UXO (unexploded ordnance) dump zones also exist off the Atlantic and Pacific coasts. Although the Atlantic and Pacific oceans drop off very quickly and oil and gas exploration has been limited along those coasts, current technology for deepwater production is making the possibility of Atlantic and Pacific margin exploration more of a reality. This will only increase the need for UXO awareness and viable solutions to their existence in deepwater.

Don’t Be Silly

Why would they want to use the non-toxic, effective one?

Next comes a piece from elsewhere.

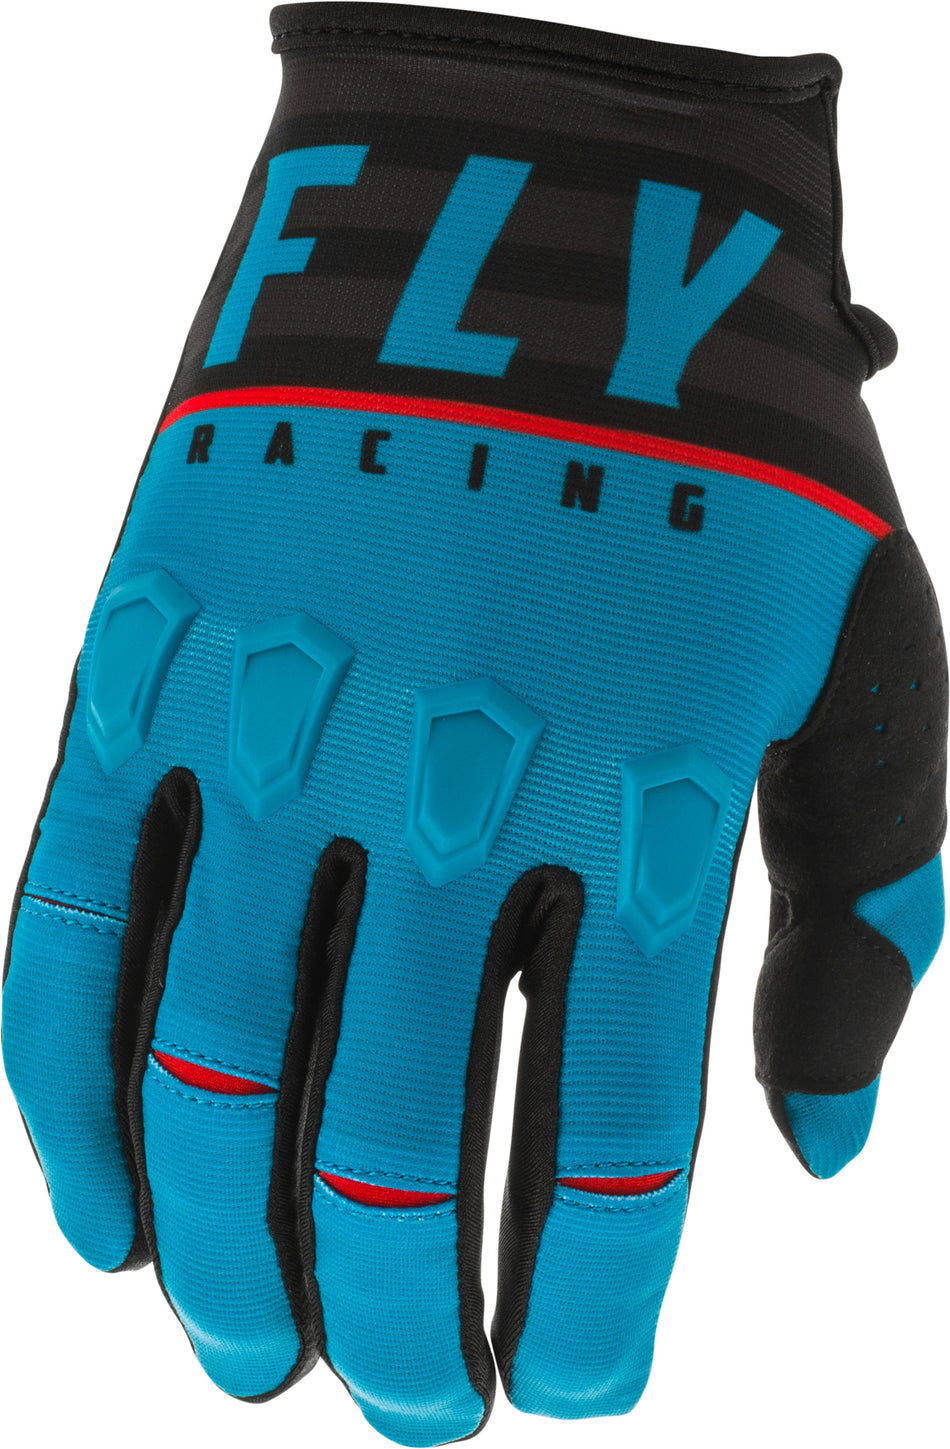 FLY RACING Kinetic K120 Gloves Blue/Black/Red Sz 06 373-41906

British Petroleum and government disaster-relief agencies are using a toxic chemical (Corexit 9500) to disperse oil in the Gulf of Mexico, even though a better alternative appears to be available.

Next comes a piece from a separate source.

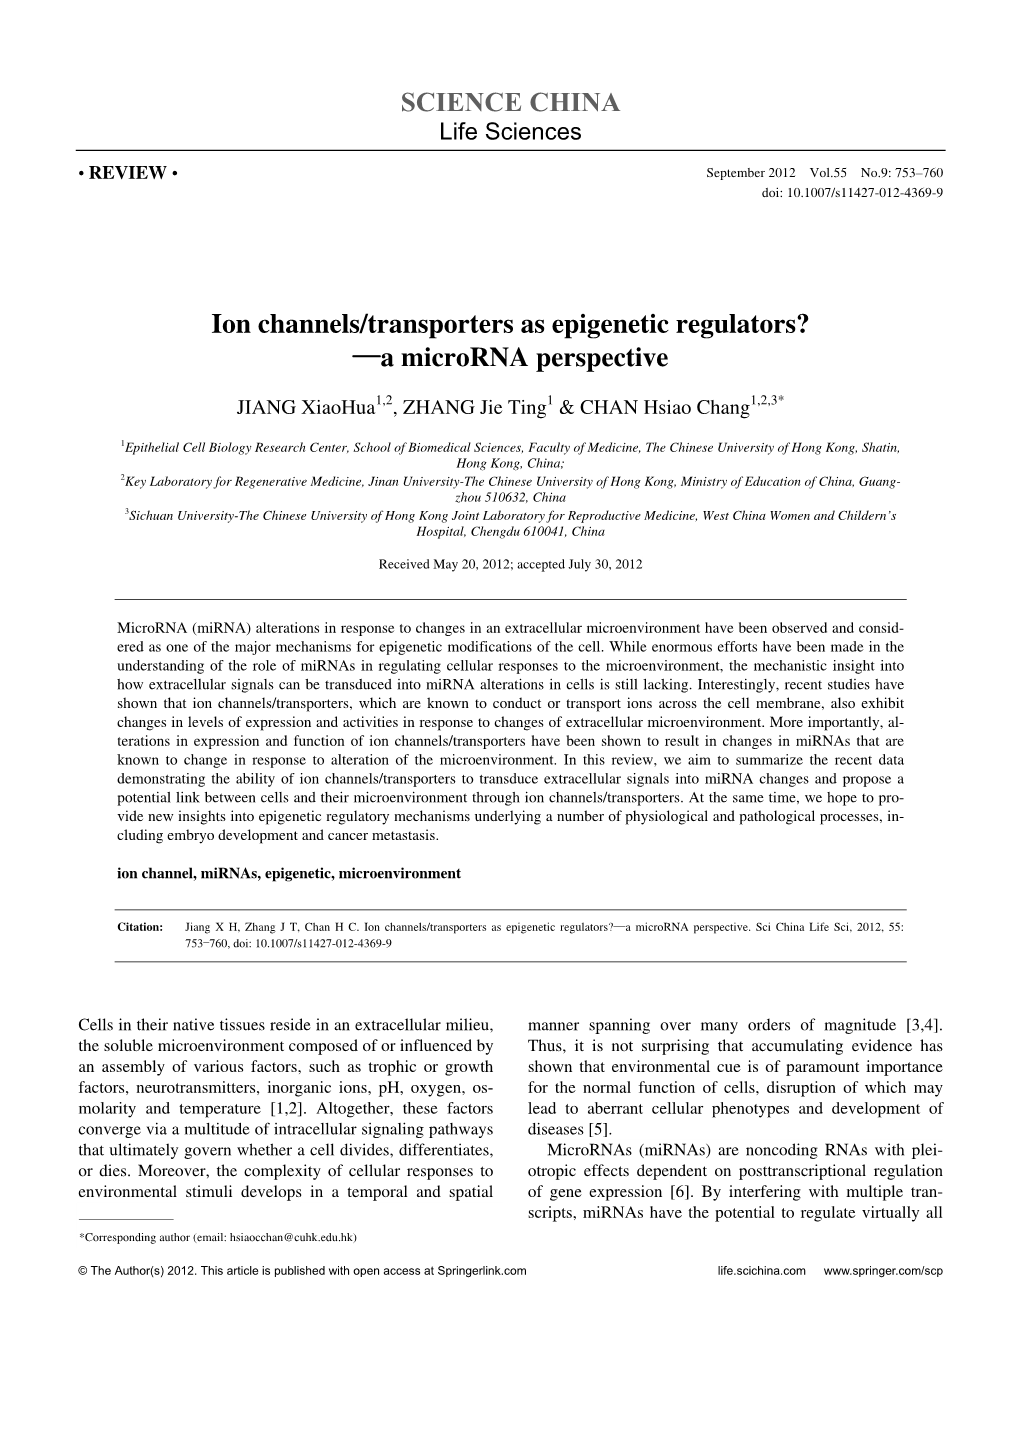 Ion Channels/Transporters As Epigenetic Regulators?—A Microrna Perspective

[…] The decision has been a controversial one. A few scientists think dispersants are mostly useful as public relations strategy, as they make the oil slick invisible, even though oil particles continue to do damage. Others consider Corexit the lesser of two evils: It’s known to be highly toxic, adding to the harm caused by oil, but at least it will concentrate damage at sea, sparing sensitive and highly productive coastal areas. Better to sacrifice the deep sea than the shorelines.

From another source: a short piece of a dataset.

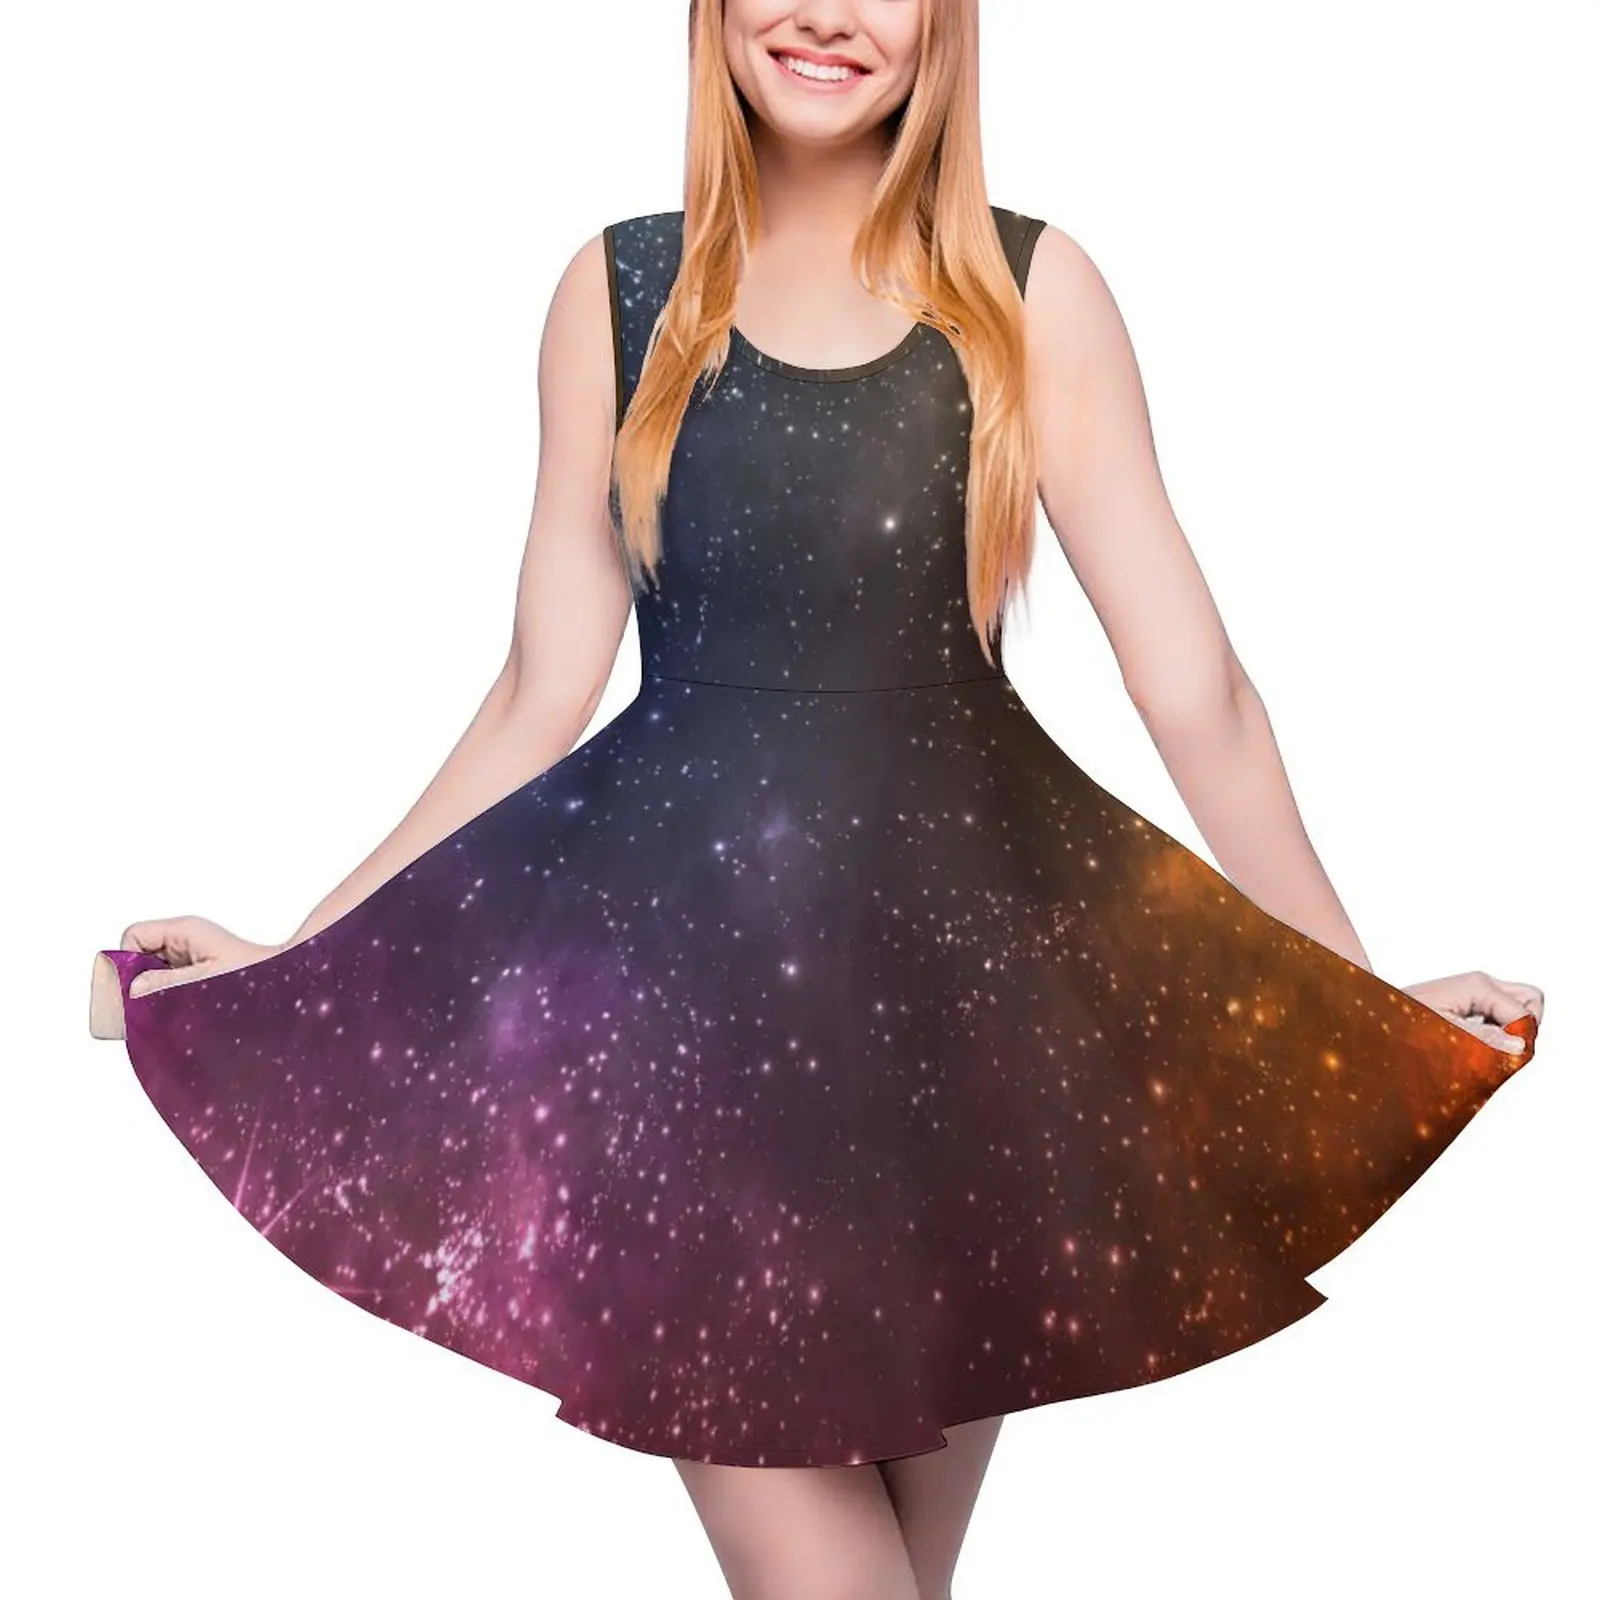 

Colourful Galaxy Dress Nebula And Bright Stars Casual Dresses Woman Modern Skate Dress Summer Printed Clothing Big Size 4XL 5XL

[…] Called Dispersit, it’s manufactured by the U.S. Polychemical Corporation and has been approved for use by the Environmental Protection Agency. Both Corexit and Dispersit were tested by the EPA, and according to those results, Corexit was 54.7 percent effective at breaking down crude oil from the Gulf, and Dispersit was 100 percent effective.

Not only did Corexit do a worse job of dispersing oil, but it was three times as lethal to silverfish – used as a benchmark organism in toxicity testing — and more than twice as lethal to shrimp, another benchmark organism and an important part of Gulf fisheries.

Drill, Baby, Drill

I used to like those Gulf coast beaches. Oh well! But the people in charge know better than us, and it’s all gonna be O-KAY!!!!

The oil well spewing crude into the Gulf of Mexico didn’t have a remote-control shut-off switch used in two other major oil-producing nations as last-resort protection against underwater spills.

The lack of the device, called an acoustic switch, could amplify concerns over the environmental impact of offshore drilling after the explosion and sinking of the Deepwater Horizon rig, hired by oil giant BP PLC, last week.

BP’s Chief Operating Officer Doug Suttles said Thursday on NBC’s “Today” that as much as 5,000 barrels of oil a day may be leaking into the Gulf, up from original estimates of 1,000 barrels a day, matching calculations issued late Wednesday from federal investigators. Mr. Suttles said BP and government scientists have to estimate the flow based on what reaches the surface because there is no way to measure the oil pouring out on the seabed. The company also said it welcomes an offer of U.S. military help to get the spill under control.

The accident has led to one of the largest ever oil spills in U.S. water and the loss of 11 lives.

U.S. regulators don’t mandate use of the remote-control device on offshore rigs, and the Deepwater Horizon didn’t have one. With a remote control, a crew can attempt to trigger an underwater valve that shuts down the well even if the oil rig itself is damaged or evacuated.

The efficacy of the devices is unclear. Major offshore oil-well blowouts are rare, and it remained unclear Wednesday evening whether acoustic switches have ever been put to the test in a real-world accident. When wells do surge out of control, the primary shut-off systems almost always work. Remote control systems such as the acoustic switch, which have been tested in simulations, are intended as a last resort.

Nevertheless, regulators in two major oil-producing countries, Norway and Brazil, in effect require them. Norway has had acoustic triggers on almost every offshore rig since 1993.